Dutch Finance Minister Jan Kees de Jager, the most outspoken of Greece's creditors, said the Netherlands could not approve the rescue package until Greece had met all its obligations. But the chairman of the Eurogroup, Jean-Claude Juncker, said Athens had met all the prior conditions demanded of it.
Finland, another stern creditor, signed a side-deal with Greece for Greek banks to provide collateral in cash and highly rated assets in return for Finnish loan guarantees, removing one long-running obstacle.
DOUBTS OVER COMMITMENT
Skeptics question whether a new Greek government will stick to the deeply unpopular program after elections due in April, and believe Athens could again fall behind in implementation, prompting exasperated lenders to pull the plug once the euro zone has stronger financial firewalls in place.
Several thousand Greeks demonstrated on Sunday against the austerity measures to reduce the country's debt, although the numbers were much lower than protests a week earlier which saw building in Athens torched and looted.
While there are doubts in Germany and other countries that Greece will be able to meet its commitments, including implementing 3.3 billion euros of spending cuts and tax increases, officials said they were closing in on a deal.
Greek Prime Minister Lucas Papademos, International Monetary Fund Managing Director Christine Lagarde and ECB President Mario Draghi were all attending the Brussels talks in a sign they were likely to be decisive.
European shares hit a seven-month high and the euro rose on Monday as expectations of an agreement boosted investor appetite for riskier assets.
Under one crucial element of the deal, Greece will have around 100 billion euros of debt written off via a restructuring involving private-sector holders of Greek government bonds.
Banks and insurers will swap bonds they hold for longer-dated securities that pay a lower coupon, resulting in a real 70 percent reduction in the value of the assets.
The bond exchange is expected to launch on March 8 and complete three days later, Athens said on Saturday. That means a 14.5-billion-euro bond repayment due on March 20 would be restructured, allowing Greece to avoid default.
The vast majority of the funds in the 130-billion-euro program will be used to finance the bond swap and ensure Greece's banking system remains stable: 30 billion euros will go to sweeteners to get the private sector to sign up to the swap, 23 billion will go to recapitalize Greek banks.
A further 35 billion will allow Greece to finance the buying back of the bonds, and 5.7 billion will go to paying off the interest accrued on the bonds being traded in.
Those numbers could change during Monday night's talks given the scramble to meet the overall objective of reducing Greece's debts from 160 percent of GDP to around 120 by 2020.
MEETING THE TARGET
The debt sustainability report delivered to ministers last week showed that without further measures, Greek debt would only fall to 129 percent by 2020.
The IMF has said if the ratio cannot be cut to near 120 percent, it may not be able to help finance the bailout.
A number of measures, including restructuring the accrued interest portion, reducing the sweeteners and having euro zone central banks take part in the debt swap are being considered to move the figure closer to 120 percent.
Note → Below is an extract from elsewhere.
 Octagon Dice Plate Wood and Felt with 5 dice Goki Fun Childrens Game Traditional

There are also discussions about marginally lowering the interest rate on 110 billion euros of bilateral loans already made to Greece in May 2010, the first package of support.
The biggest difference would be made by involvement of the ECB and national euro zone central banks.
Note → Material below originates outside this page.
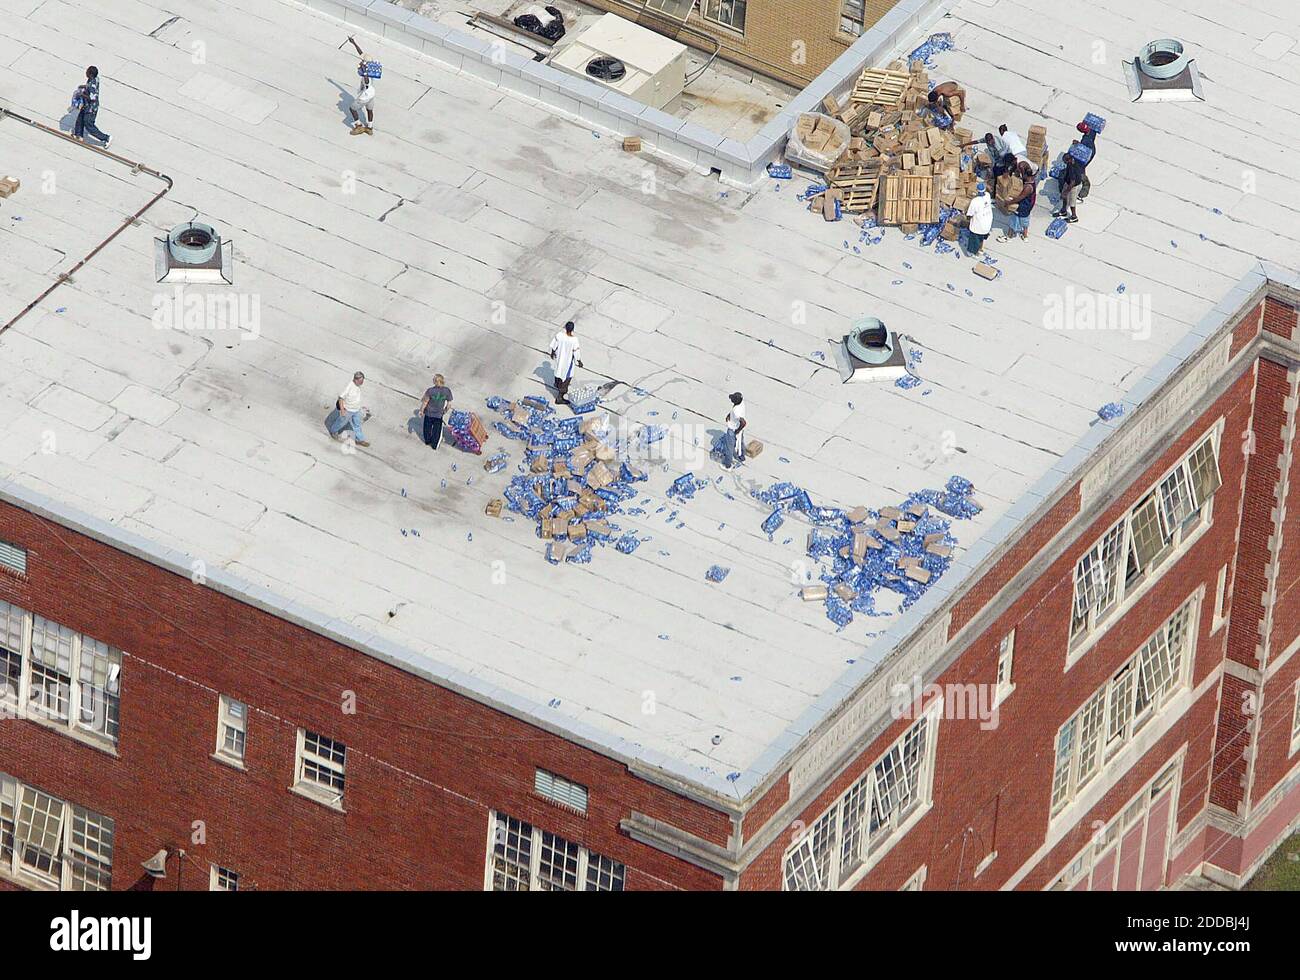 NO FILM, NO VIDEO, NO TV, NO DOCUMENTARY - People sift through bottles of water on the roof of a building in New Orleans, Louisiana, as Hurricane Katrina refugees seek relief Saturday, September 3, 2005. Photo by Nuri Vallbona/Miami Herald/KRT/ABACAPRESS.COM. Stock Photo

A deal would provide immediate relief to Athens and financial markets but no one is pretending it will end Greece's problems. Figures last week showed its economy shrank 7 percent year-on-year in the last quarter of 2011, much more than expected, with further cuts likely to make matters worse.
The troika of European Commission, ECB and IMF, responsible for monitoring Greece's reform progress, carries out quarterly reviews and could decide Athens is not meeting its commitments at any one of them.